The article describes the technology created for the webstore of medical equipment and furniture. End-to-end analytics enabled tracking of offline purchases, increased ad effectiveness, and removed barriers to further growth. The concept of this solution will be outlined below.
What’s the problem?
The store sells massage tables, cosmetology equipment, tattoo chairs and much more. The cost of goods varies from $ 100 to $ 5000 dollars.
If the customer has chosen complex equipment for $ 5000, then he very often doesn’t pay immediately on the site. The customer needs detailed advice on the characteristics of the equipment, he wants to discuss the delivery of bulky goods, he wants to receive an invoice, etc.
Moreover, it is B2B. The medical clinic can order 10 massage tables for $ 15,000 and ask for an invoice.
In short, 50% of purchases are NOT made on the site. And these are the biggest purchases! Customers leave the site for a phone call.
And we lose tracking of such orders in Google Analytics and other analytics systems.
We don’t have offline order tracking. Why is this a problem?
Ad campaigns should be optimized for conversion. Advertising system algorithms collect conversion statistics and build a portrait of the ideal customer for each product. This allows the advertising system to better match potential customers for your product. Conversion tracking can sometimes increase the effectiveness of advertising campaigns many times over!
Significant loss of conversion tracking reduces ad performance and ROAS (return-on-ad-spend). The business is becoming less competitive and this hinders its growth.
How to ensure delivery of information about offline orders to advertising systems?
This is the main and only task that the end-to-end analytics system must solve. But this system needs to be built.
What we exactly need to create an end-to-end analytics system:
- e-commerce site,
- dynamic call tracking system,
- API for analytics & advertising systems,
- the program code to integrate all these components.
There will not be a step-by-step technical guide for building a complete solution below. We will try to explain the basic scheme for solving the problem. Using this scheme, you can, if necessary, assign a task to the developers.
The essence of the solution is to drag the initial information about the last advertising click along the chain:
- advertising click
- visit to the site
- fork: order on the website or a phone call
- a phone call to the spoofed number
- call accounting in the call tracking system
- call transfer to CRM
- order processing in CRM
- order transfer to analytics systems
- conversion transfer to advertising systems
And yet, further along the steps 😁.
Step 1. Marking up ad clicks
Our project uses three main advertising systems — Google Ads, Facebook Ads, Yandex Direct.
Each visit to the site from ad should be marked as follows:
<landing page URL>?gclid=XXXXX&utm_source=google&utm_medium=cpc&utm_campaign=XXXXX
<landing page URL>?fbclid=XXXXX&utm_source=fbinsta&utm_medium=cpc&utm_campaign=XXXXX
<landing page URL>?yclid=XXXXX&utm_source=yandex&utm_medium=cpc&utm_campaign=XXXXX
These four parameters of the click URL will need to be dragged through all integrations in order to correctly transfer information about the offline order back to the advertising systems.

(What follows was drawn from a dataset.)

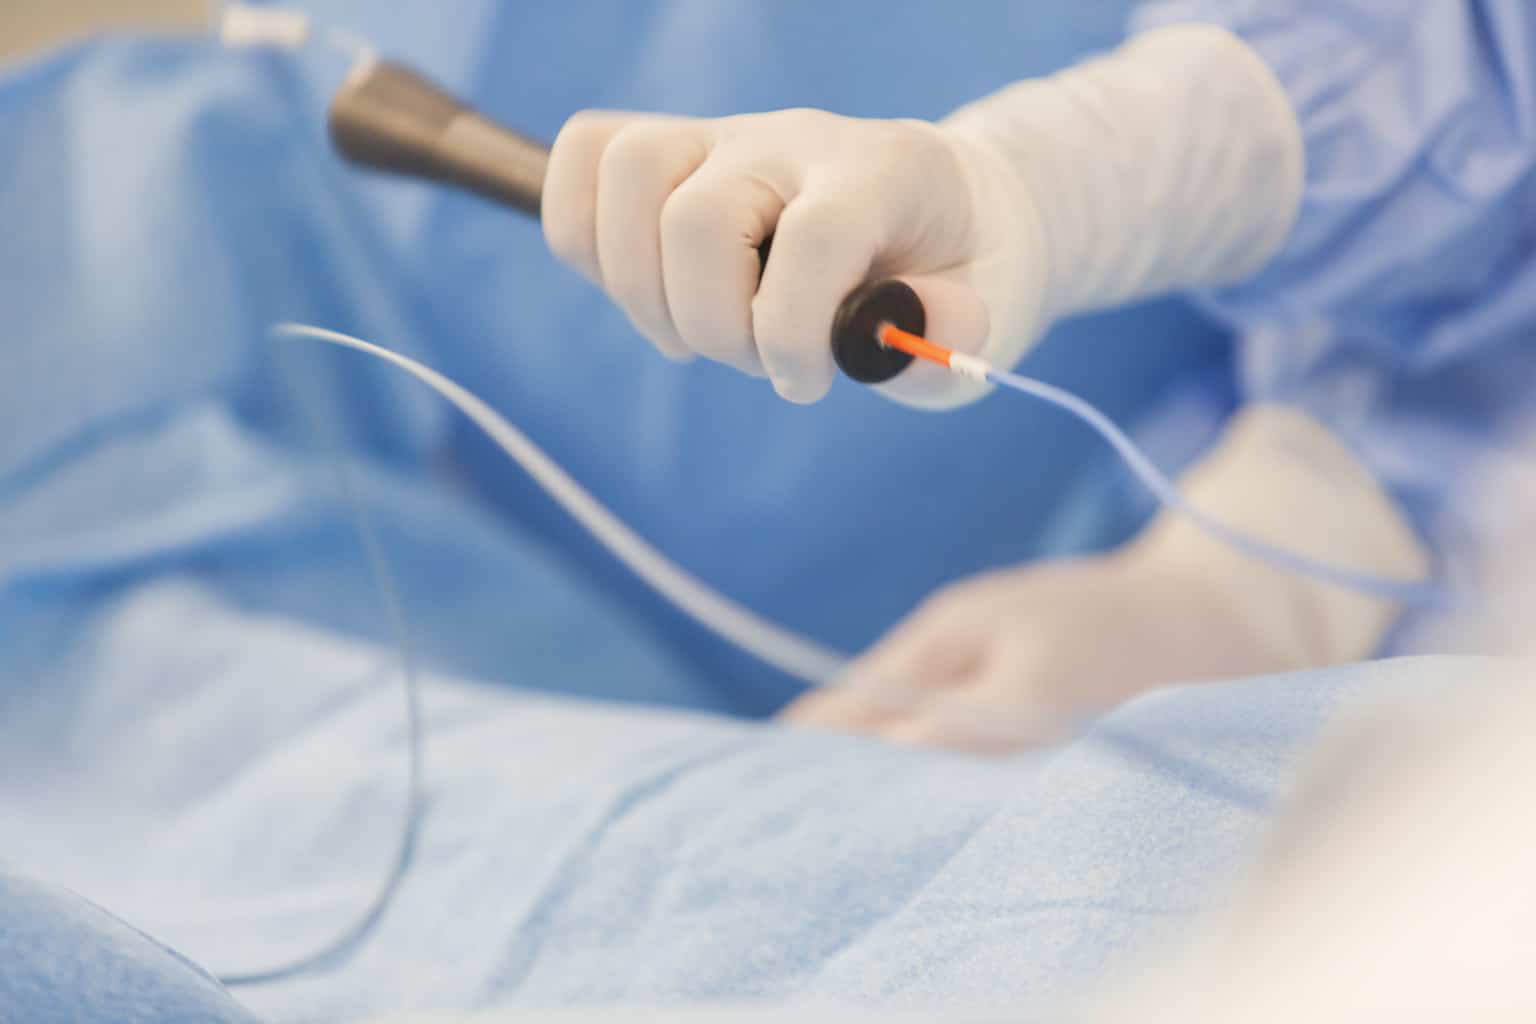 cardiology catheter closeup

Step 2. Dynamic call tracking
Our project uses the CoMagic system as a dynamic call tracking solution.
The system allocates a phone number from its pool for each advertising campaign. When a user navigates to the site from an ad, the system replaces the phone number displayed on the site with a spoofed number. This allows the system to associate the customer’s phone call with their visit to the site from the ad.
Step 3. Order processing in CRM
Our project uses the RetailCRM system to process all orders. A deal in the CRM system is created after each incoming call.
Calls from substitute numbers are transmitted to CRM from the call tracking system with all click parameters. To implement this integration, it was required to write program code.
If after a call to a substitute number an order appears, then CRM must transfer information about this order further to the analytics systems.
Step 4. Exporting an offline order to analytics systems
Transferring information about offline orders from CRM to analytics systems required writing program code. This is the hardest part of the integration.
- the program code for exporting an offline order to Google Analytics via Google Measurement Protocol
- the program code for exporting an offline order to Facebook via Facebook Marketing API
- the program code for exporting an offline order to Yandex Metrika via Yandex Metrika API
Step 5. Transferring offline conversions to advertising systems
Each of the analytics systems listed above automatically transfers received offline conversions to its «native» advertising system.
If the ad system received an offline conversion with the correct parameters, then it will be able to correctly associate the conversion with an ad click. Our ad campaign will be able to use conversion for optimization.
- End-to-end analytics provided major ad platforms with offline order information to better optimize campaigns. Today, we see 100% of offline purchases in analytics, 75% of them are tied to advertising campaigns.
- In addition, we can see in analytics all purchases with attribution to the channel / campaign. This will allow us to correctly assess the effectiveness of the channel / campaign and properly manage advertising budgets.
After implementing end-to-end analytics in the project described above, the store’s revenue increased by 25% over the next three months.